The report also highlighted the disproportional rate at which minorities are experiencing poverty in relation to white New Yorkers.

Latino residents are twice as likely to live in poverty compared to white residents — 26% compared to 13%, according to the report.

Researchers said poverty rates for Asian and Black residents increased as well, by 24 and 23%, respectively.

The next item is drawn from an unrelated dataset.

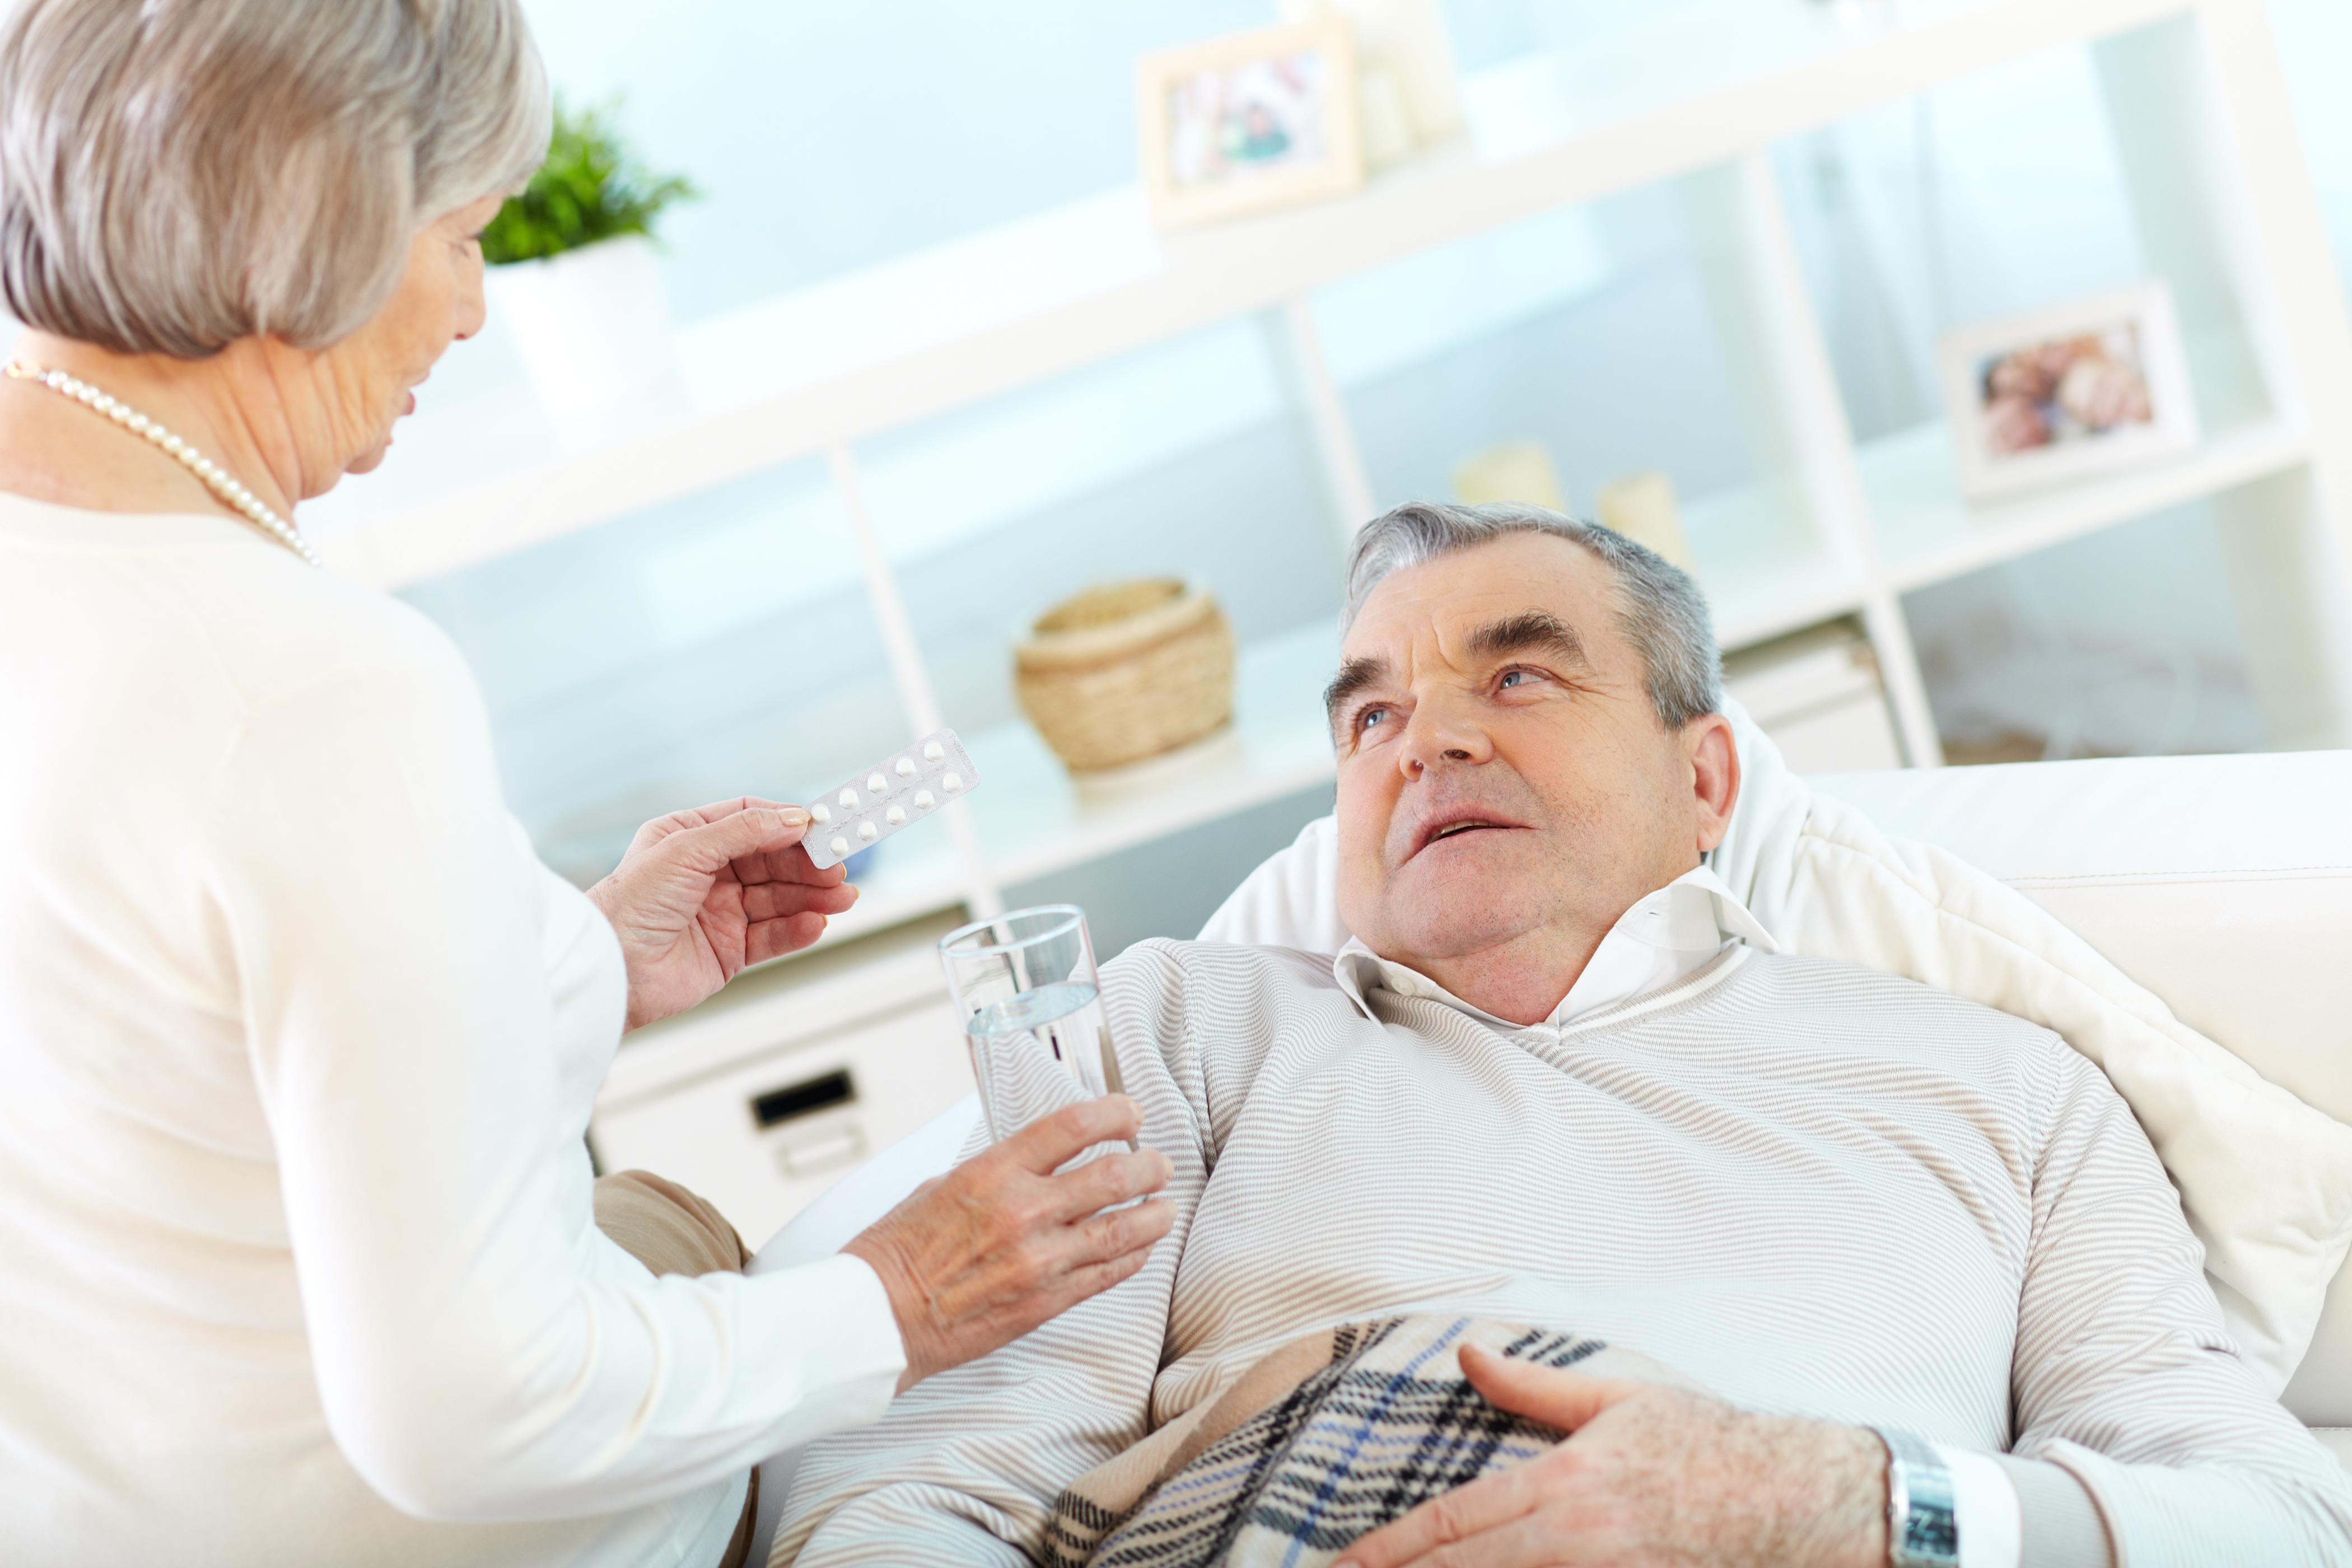 Enfermería de Zaragoza reclama equiparar el número de enfermeras al de médicos para alcanzar el éxito en el plan de crónicos

The report found that women were more likely than men to be unable to afford their basic needs. It’s based on a metric called the Supplemental Poverty Measure, or poverty line, which is $43,890 per year. This figure represents what is needed for a NYC household with two adults and two children to afford a minimal basic standard of need.

The poverty threshold for a single adult renter was $20,340 in annual income, according to the report.

Poverty in New York City is nearly twice as high as the national poverty rate, which is 12%.

This is the sixth comprehensive Poverty Tracker Annual Report since 2012. Researchers monitored the impacts that COVID-19 and the related economic decline have had on New York City residents since the beginning of the pandemic.

“Our city is in the midst of an affordability crisis,” Richard R. Buery Jr., CEO of Robin Hood, said in a statement. “This would be deeply troubling at any point, but it is particularly disturbing given the steady progress New York City has made to reduce poverty in years prior.”

Buery noted that “temporary, stabilizing government policies” during the COVID-19 pandemic were able to help 500,000 children avoid poverty.

“But we have lacked the will to keep these policies in force,” he added. “We know that fully refundable tax credits, housing vouchers, and childcare subsidies can move millions out of poverty and hardship. We are calling on lawmakers to make investments that will help our neighbors live lives of opportunity.”